We make many decisions every day, consciously as well as unconsciously. The term “decisions” here are not just about the high-level processes that govern how we think and asses events and observations, it is also the low-level ones that control perception and movement. For example, have you ever wondered how our body can move so smoothly ? This is definitely not an easy task if you ask any roboticists who are struggling to implement the human gaits on robots. Some scientists believe that our brain makes reliable, quick-fire predictions about the result of every movement we make, which results in a efficient sequence of actions that we call “walking”.
Confidence holds a crucial role in this process. How confident we feel about our choices will influence our behavior. If we did not have an accurate mechanism for confidence that is usually right, we would have difficulties in correcting decisions.
Important as it is, the way it works remains an unsolved riddle. The classical approach assumes that the brain takes shortcuts when processing information: it make approximations rather than uses precise statistical calculations.
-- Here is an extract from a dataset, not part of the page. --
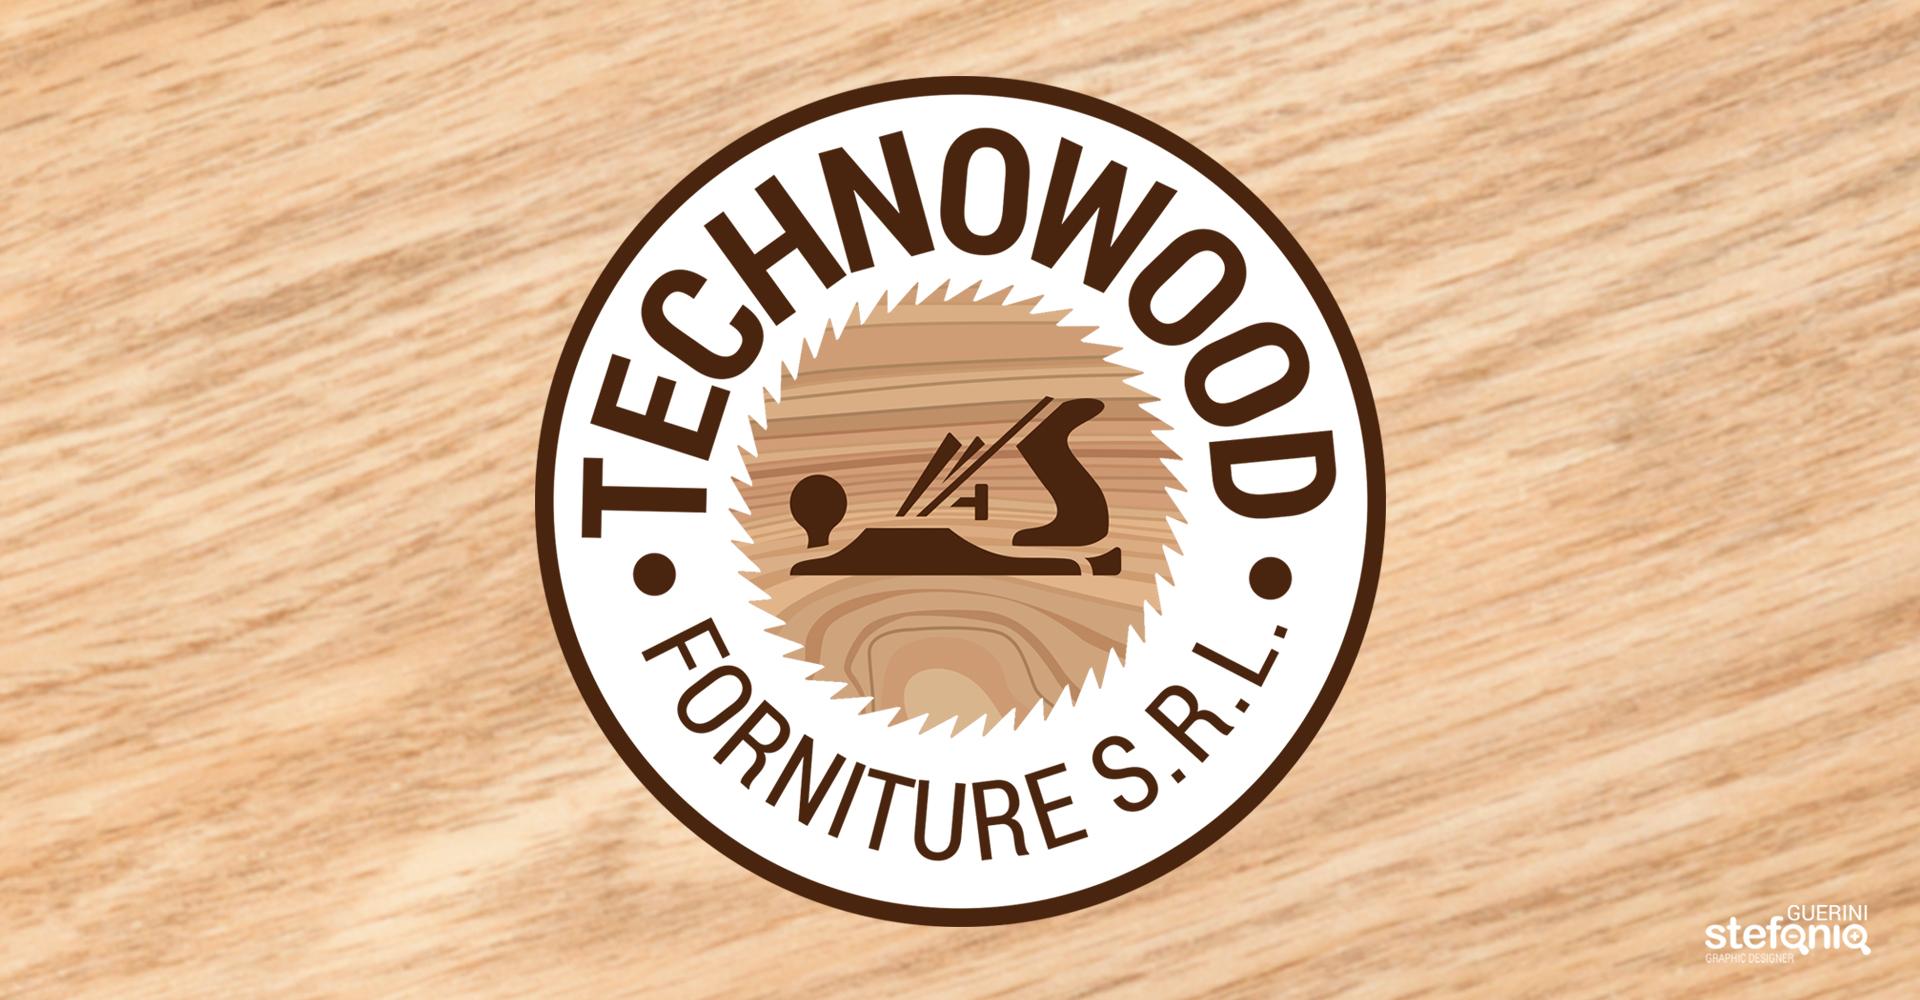 TECHNOWWOD_LOGO

However, in a very recent paper, Adam Kepecs, professor of neuroscience at Cold Spring Harbor Laboratory has concluded that the subjective feeling of confidence stems from objective statistical calculations in the brain.
To determine whether the brains use objective calculations to compute the level of confidence, Kepecs created a video game to compare human and computer performance. Human volunteers would listen to streams of clicking sounds and determine which clicks were faster. Participants rated confidence in each choice on a scale of one (a random guess) to five (high confidence). What Kepecs and his colleagues found was that human responses were similar to statistical calculations. The brain produces feelings of con- fidence that inform decisions the same way statistics pulls patterns out of noisy data.
To further examine his model, Kepecs organised another experiment in which participants answered questions comparing the populations of various countries. Unlike the perceptual test, this one had the added complexity of each participant’s individual knowledge base. Even human foibles, such as being overconfident in the face of hard choices with poor data or under-confident when facing easy choices, were consistent with Kepecs’s model.
This is not the first time a scientist suggest that our brains relies more on a statistical model than a heuristic one. In many perception tasks, it was showed that people tend to make estimates in a way that fits with Bayesian probability framework. There’s also evidence that the brain makes internal predictions and updates them in a Bayesian manner. When we read a book or listen to someone talking, for example, our brain is not simply receiving information, it is constantly analyzing this stream of data and predicting what it expects to read or hear. These predictions strongly influence what we actually read or hear. More general, we can argue that our perception of the world is in fact a reconstruction made by the brain: we don’t (or can’t ?) see the world as it is, but we see it the way our brain is expecting it.
To maintain a level of homogeneity between the real world and the “reconstructed” reality, the brain is constantly revises its predictions based on what information comes next. Making predictions and re-evaluation them seems to be a universal feature of the brain. At all times our brain is weighing its inputs and comparing them with internal predictions in order to make sense of the world.
So far we have seen some arguments support the (Bayesian) statistical paradigm. However, the scientists from the “anti-Bayesian” camp have provided a number of strong counter-arguments, especially when it comes to high-level decision making. It is fairly easy to come up with probability puzzles that should yield to Bayesian methods, but that regularly leave many people flummoxed. For instance, many people will say that if we toss a series of coins, getting all heads or all tails is less likely than getting any “seemingly random” sequence, for example, tails–tails–heads–tails–heads. It is not: as the coin tosses are independent, there is no reason to expect one sequence is more likely than another. There’s considerable evidence like the coin tosses experiment above which shows that most people are basically non-Bayesian when performing high-level, logical reasoning.
All in all, we are dealing with the most complicated thing in the known universe, and all the discovery up to know about our brain just scratch the surface. A lot of work still need to be done in order to truly understand how we think.
In conclusion, I believe that Bayesian paradigm, with its quirks and imperfections, represent a potential approach that can eventually help us see the complete picture of our brain.